In relation to another post of mine, I realized that there is more we can say on stackoverflow in relation to the Distributed, XA transactions and its internals. Common opinion is that distributed transactions are slow.
What are the XA transactions internals and how can we tune them ?
First lets put some common vocabulary. We have two or more parties
- Transaction Coordinator this is where our business logic resides. This is the side that orchestrates the distributed transaction.
- Transaction Participant (XAResource) this can be any Dababase supporting distributed transactions or some other entity supporting the XA protocol like messaging service.
Lets highlight the main API functions performed during XA transaction.
- start(XID)
- end(XID)
- prepare(XID)
- commit(XID)
The first 2 operations are visible in our source code. This is when we initiate the transaction do some work and then say commit. Once we send the commit message from the source code the Transaction Coordinator and the transaction Participant take over and do some work.
XID parameter is used as a unique key identifying the transaction. Each transaction coordinator and each participant at any time can participate in more than one transaction so this is needed in order to identify them. The XID has two parts one part identifies the global transaction, the second part identifies the participant. This mean that each participant in the same transaction will have its own sub identifier.
Once we reach the transaction prepare phase , each transaction participant writes its work to the transaction log and each Transaction Participant(XARersource) votes if its part is OK or FAILED. Once all votes are received the transaction is committed.
If the power goes down the both the Transaction Coordinator and the Transaction Participant keep their transaction logs durable and can presume their work. If one of the participant vote FAILED during transaction commit then subsequent rollback will be initiated.
Implications in terms of performance
According to the CAP theorem each application(functionality) falls somewhere in between the triangle defined by Consistency, Partitioning and Availability. The main issue with the XA/ Distributed transaction is that it requires extreme consistency.

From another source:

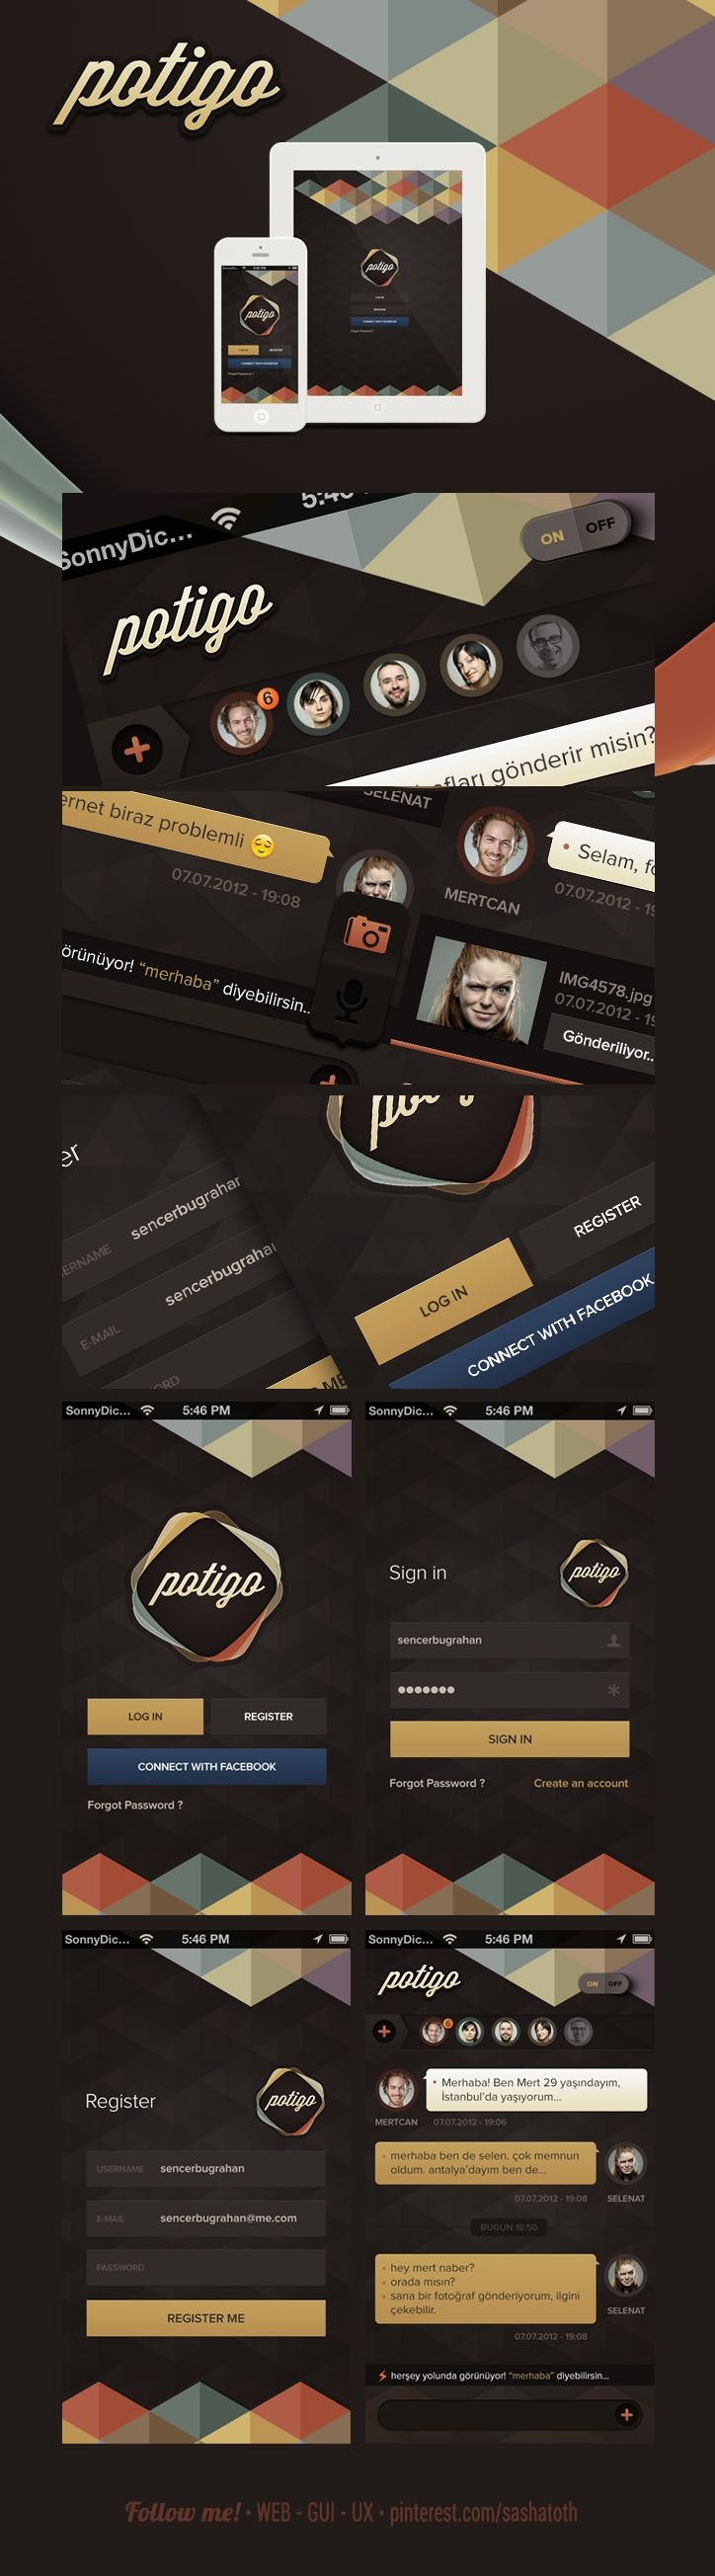 Potigo Chat Application (concept) by Sencer Bugrahan, via Behance #app #gui #ui #behance

This requirement results into very high network and disk IO activity.
Disk activity Both the transaction coordinator and the transaction participant need to maintain a transaction log. This log is held on the disk each transaction needs to force information withing this disklog, this information is not buffered information. Having large parallelism will result in high amount of small messages forced to the disk in each transaction log. Normally if we copy one 1GB file from one hard disk to another hard disk this will be very fast operation. If we split the file into 1 000 000 parts of couple of bytes each the file transfer will be extremely slow.
Disk forcing grows with the number of participants.
1 participant is treated as normal transaction
2 participants the
disk forcing is 5
3 equals 7
Network Activity
In order to draw a parallel for distributed XATransaction we need to compare it to something. The network activity during normal transaction is the following. 3 network trips -enlist transaction, send some SQLs, commit.
For a XA transaction it is one idea more complicated. If we have 2 Participants.
We enlist the resources in a transaction 2 network trips. Then we send prepare message another 2 trips then we commit with another 2 trips.
The actual network activity that is happening for 2 resources grows even more the more participants you enlist in the transaction.
The conclusion on how to get a distributed transaction fast
- To do this you need to ensure you have a fast network with minimum latency
- Ensure you have Hard drives with minimum latency and maximum random write speed. A good SSD can do miracle.
-Try to enlist as minimum as possible distributed resources in the transaction
- Try to divide your data into data that has strong requirement for Consistency and Availability (Live data) and data that has low consistency requirements. Live data use Distributed transaction. For offline data use normal transaction, or no transaction if your data does not require it.
My answer is based on what I have read in "XA exposed" (and personal experience) which appears to be no longer available on internet which triggered me to write this.